◆ **Exercise details**
The line with "Rare Finn Juhl" marks where to begin; print it and all lines after it in the material below exactly, skipping pictures.

◆ **Data**

_____

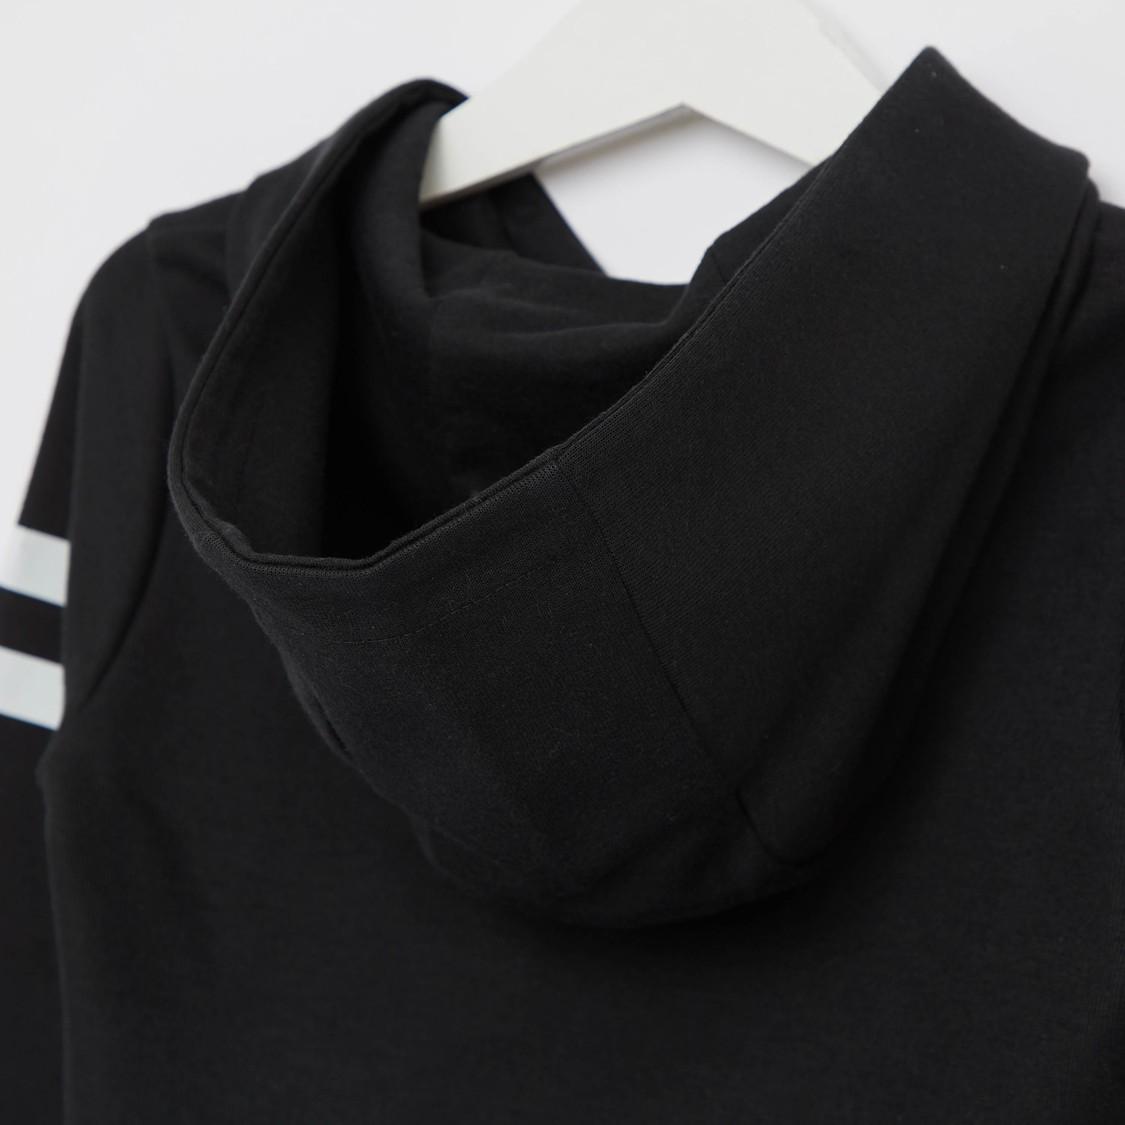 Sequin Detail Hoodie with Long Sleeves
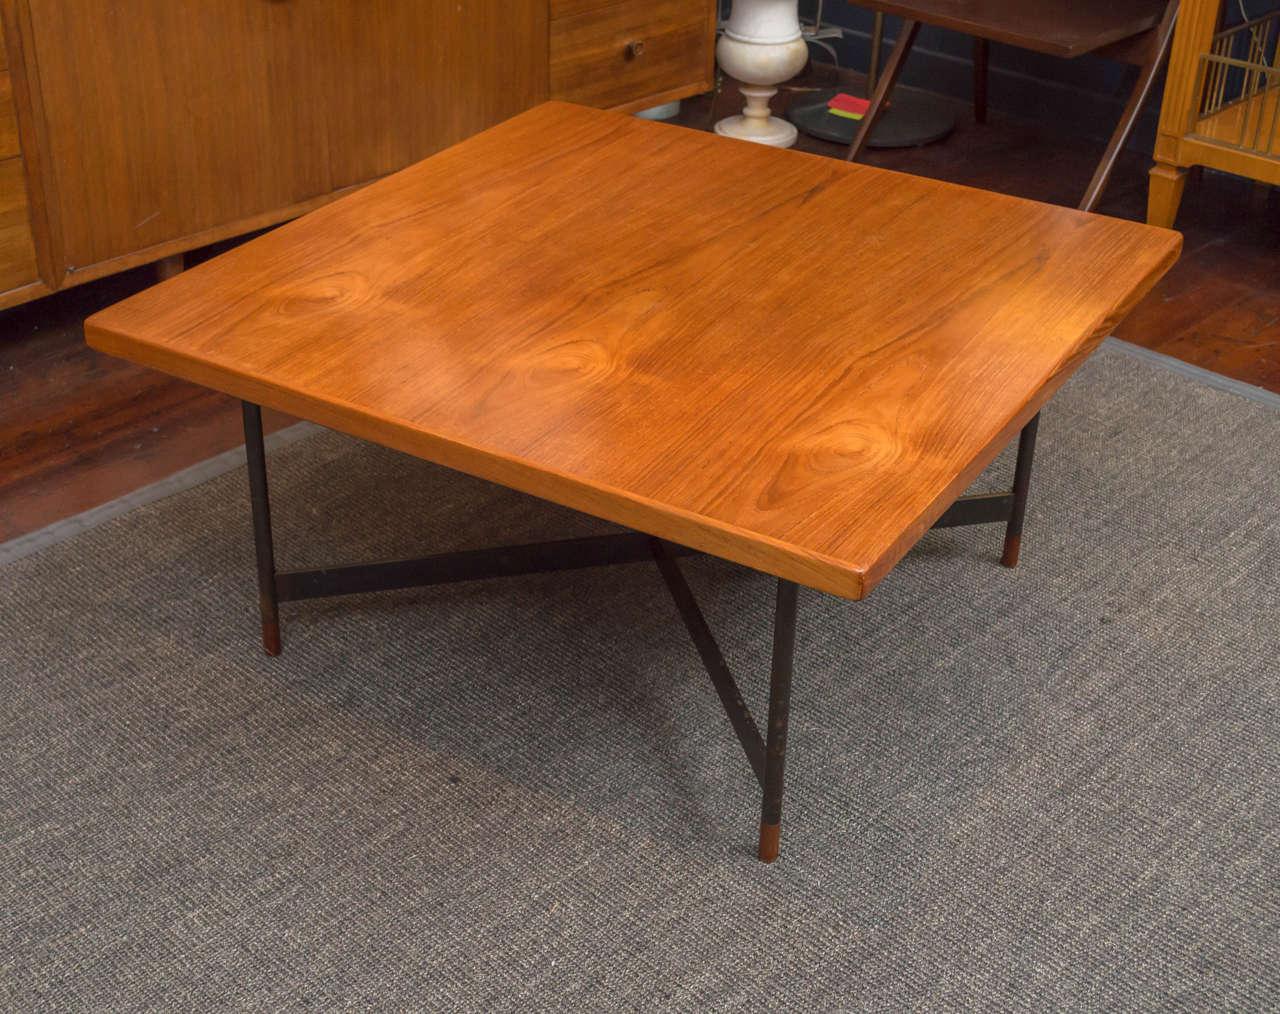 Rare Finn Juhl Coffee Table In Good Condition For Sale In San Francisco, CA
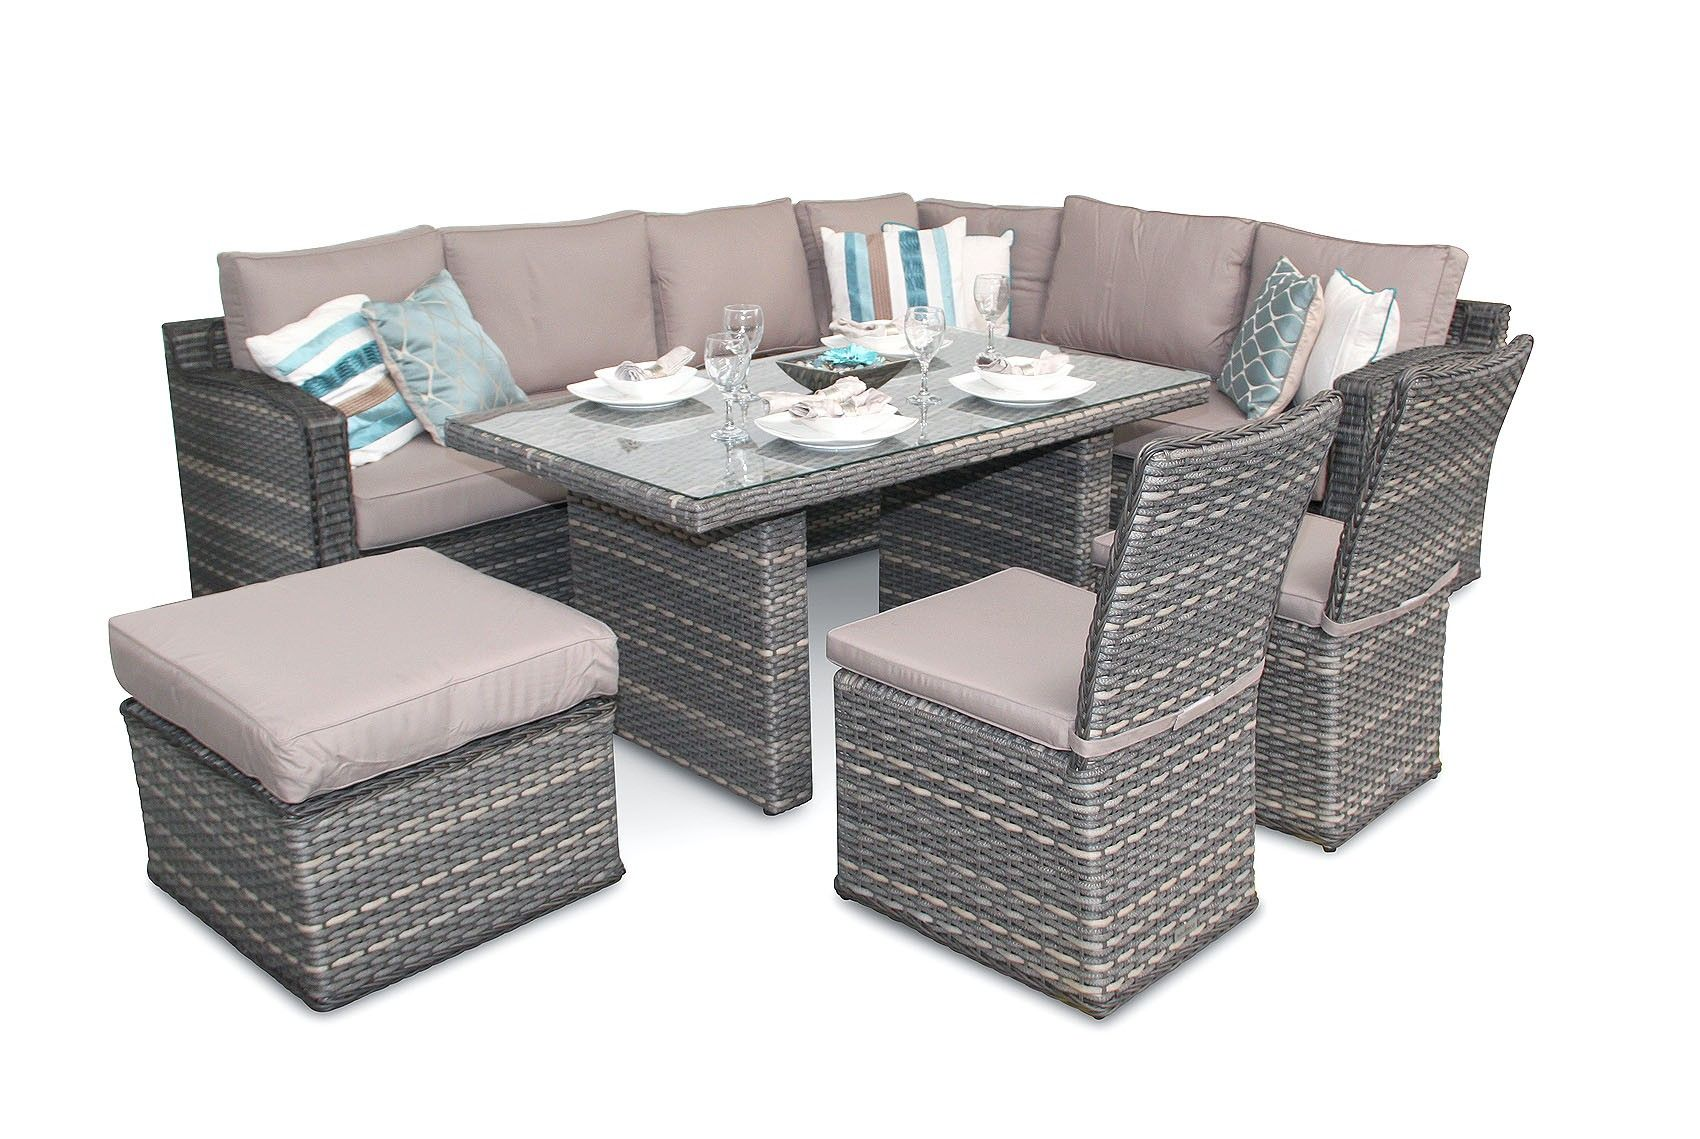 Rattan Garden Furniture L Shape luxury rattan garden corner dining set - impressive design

_____

◆ **Output**
 Rare Finn Juhl Coffee Table In Good Condition For Sale In San Francisco, CA
 Rattan Garden Furniture L Shape luxury rattan garden corner dining set - impressive design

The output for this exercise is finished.